• [Task goal]:
Please output exactly the lines below, starting at the line that has "Elector - web" and ending at the line that has "Husbands smiles as", both included; leave out all pictures and include nothing else.

• [Data for analysis]:

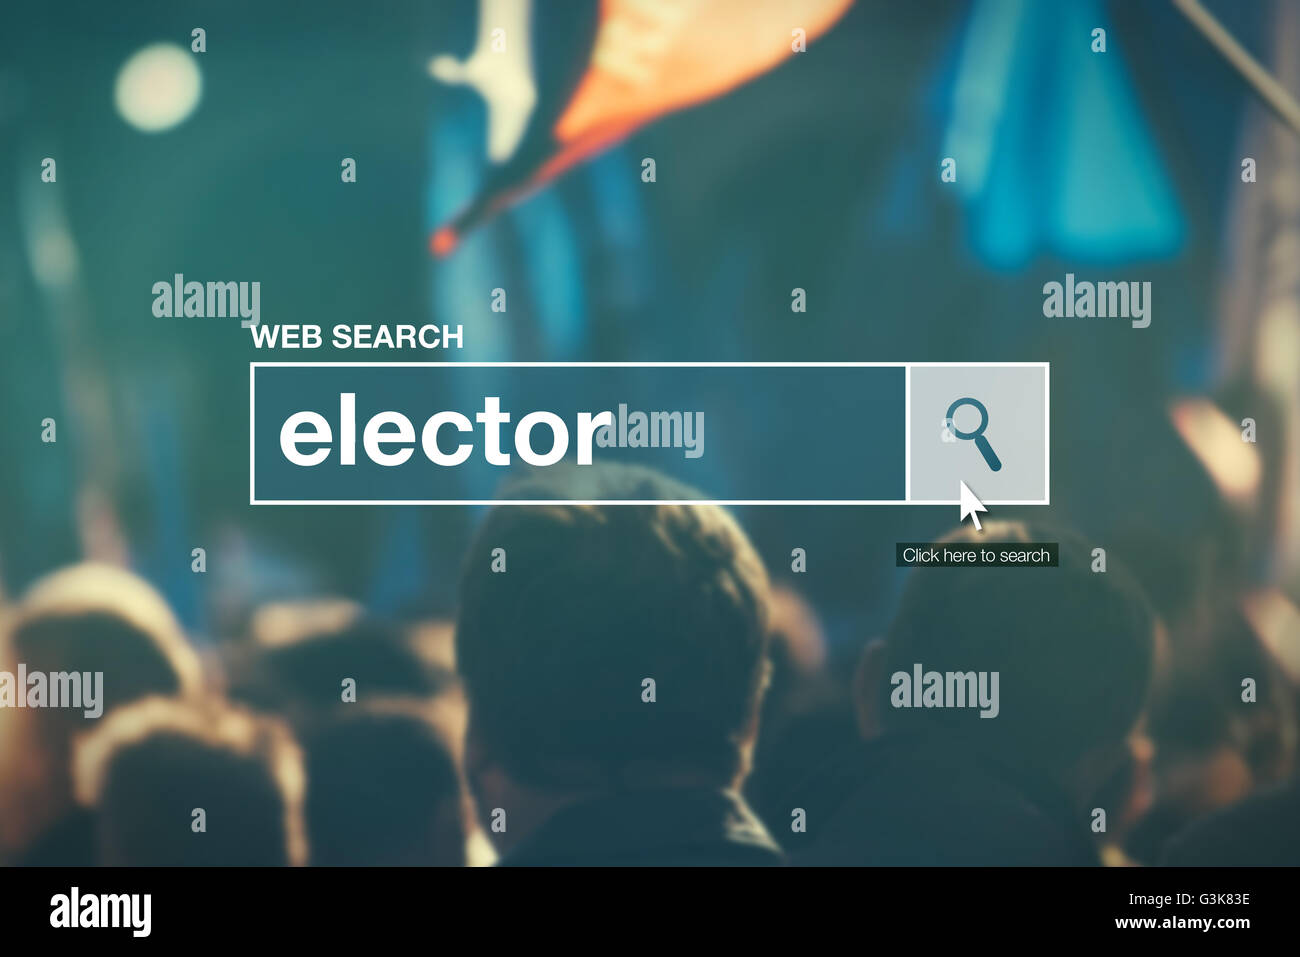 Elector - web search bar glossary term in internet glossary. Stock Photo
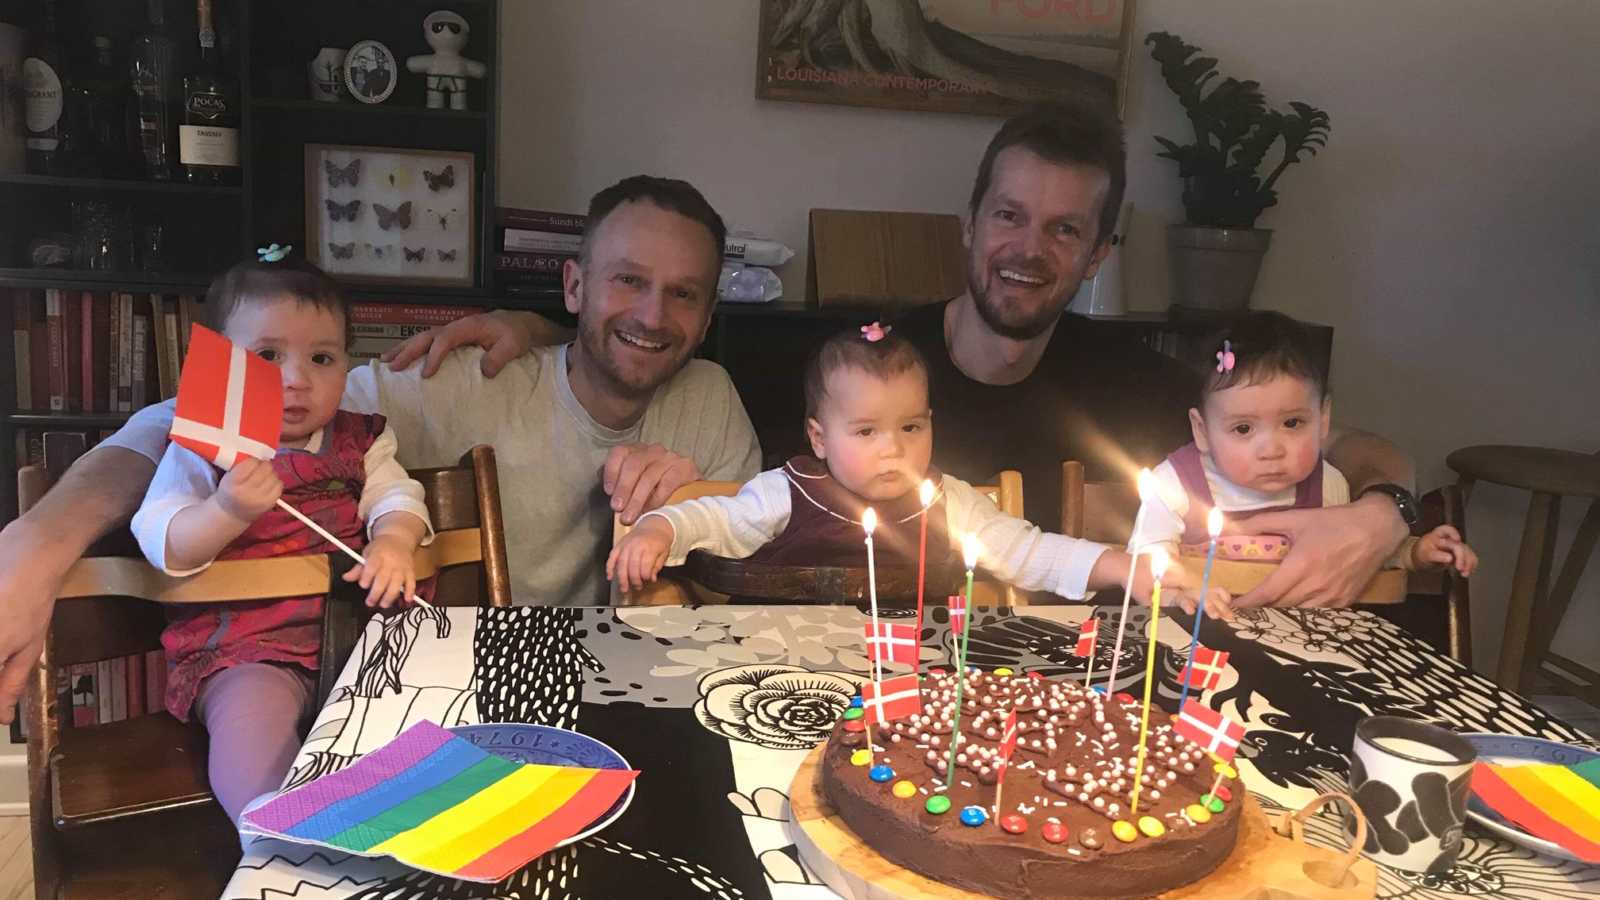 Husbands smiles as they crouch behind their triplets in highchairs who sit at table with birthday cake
==
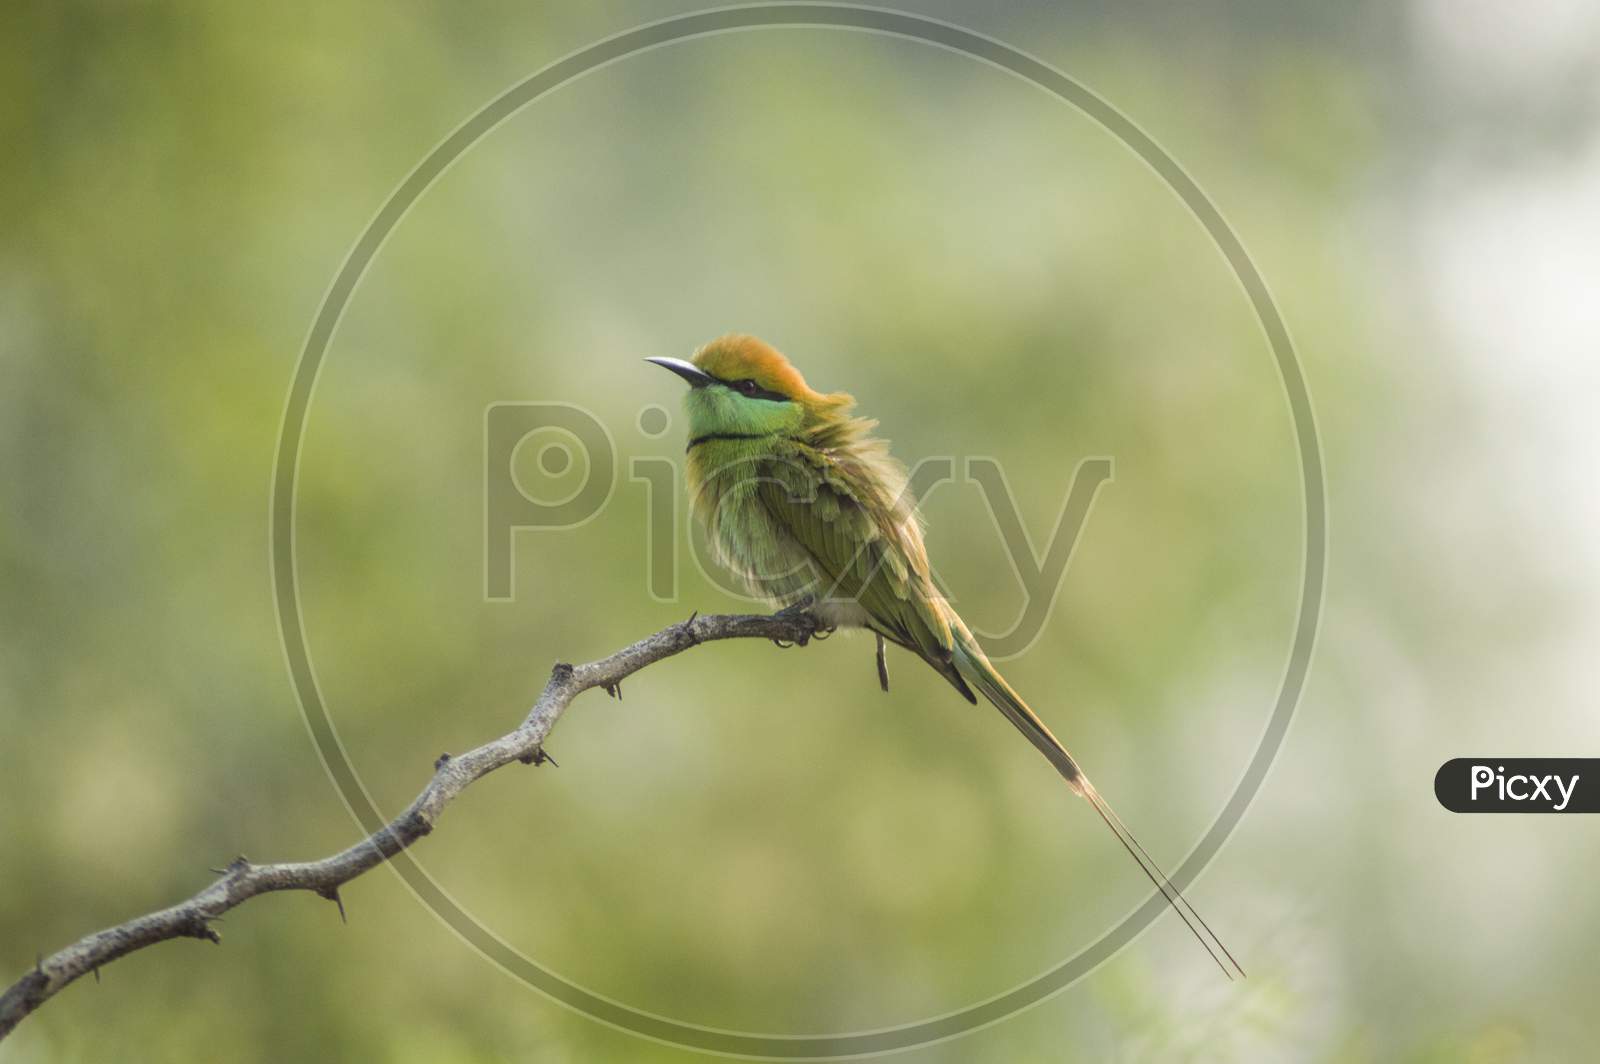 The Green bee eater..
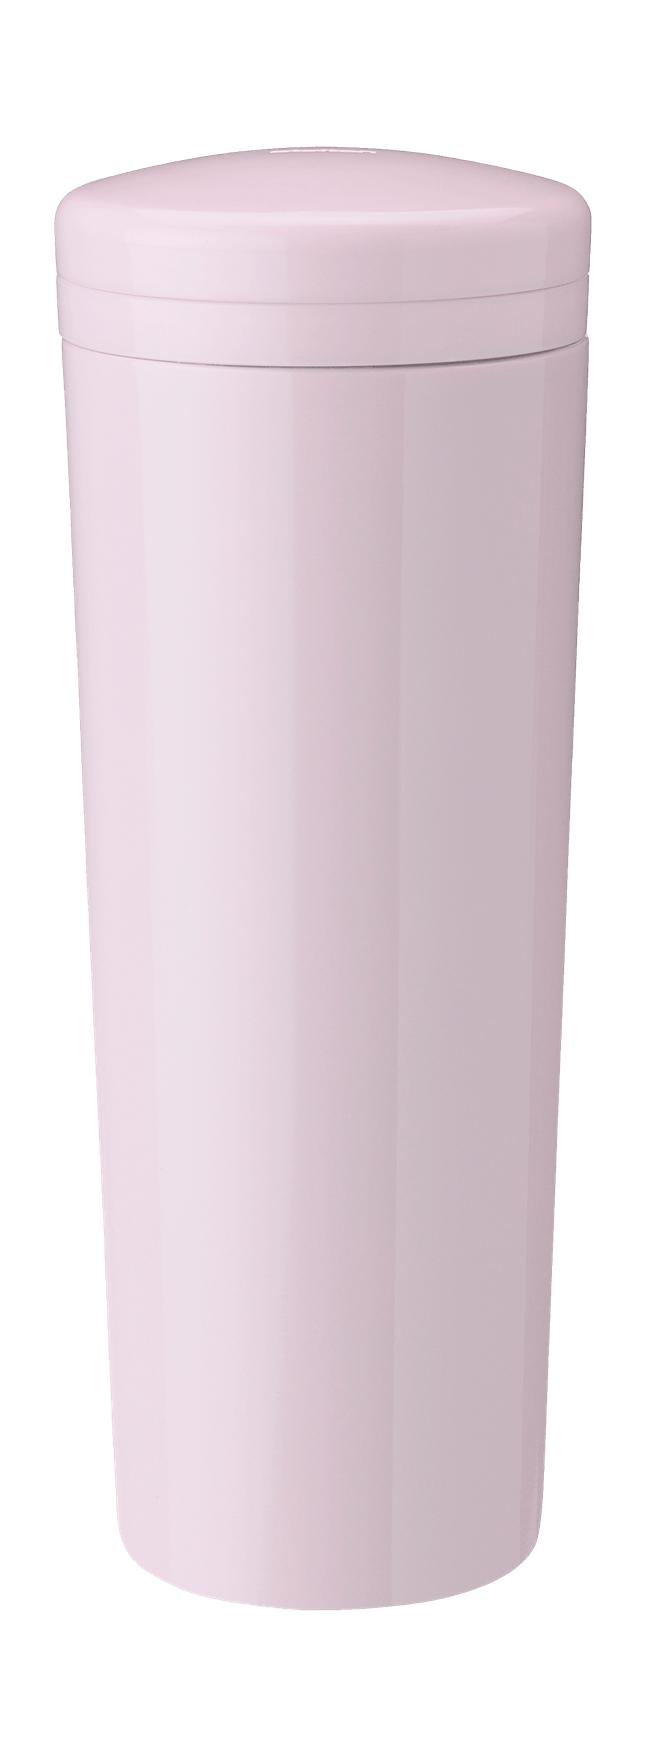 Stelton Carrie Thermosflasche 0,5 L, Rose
---
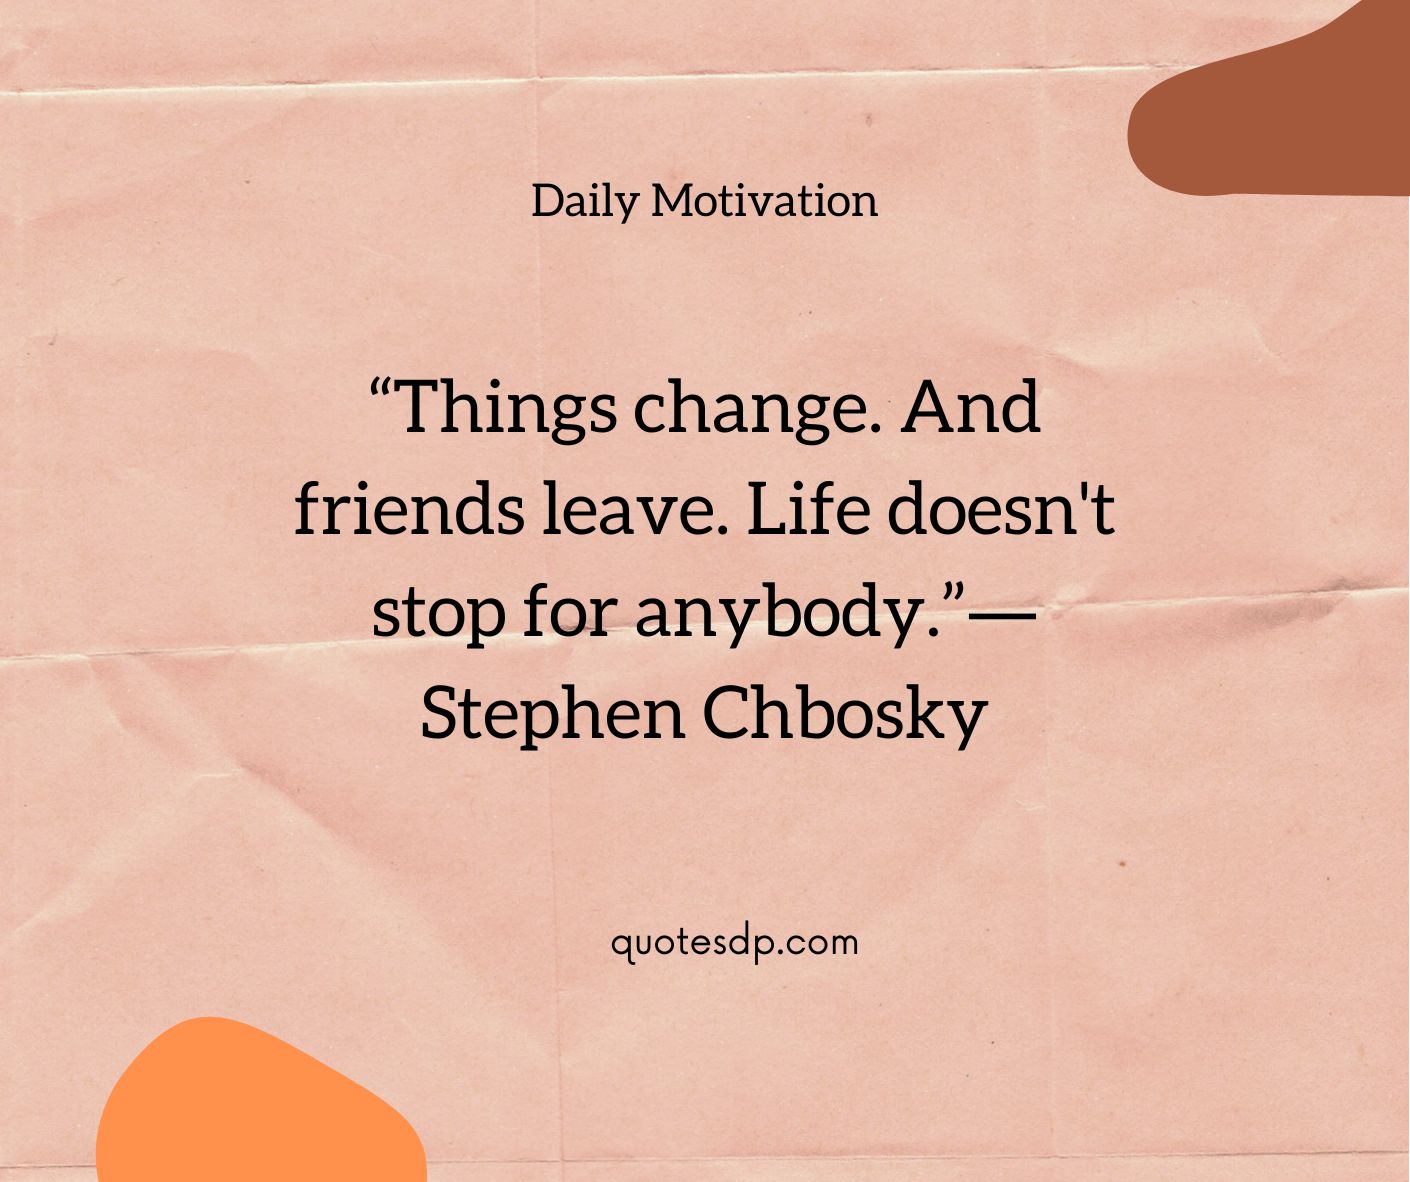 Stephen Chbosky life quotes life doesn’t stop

• [Response]:
 Elector - web search bar glossary term in internet glossary. Stock Photo
 Husbands smiles as they crouch behind their triplets in highchairs who sit at table with birthday cake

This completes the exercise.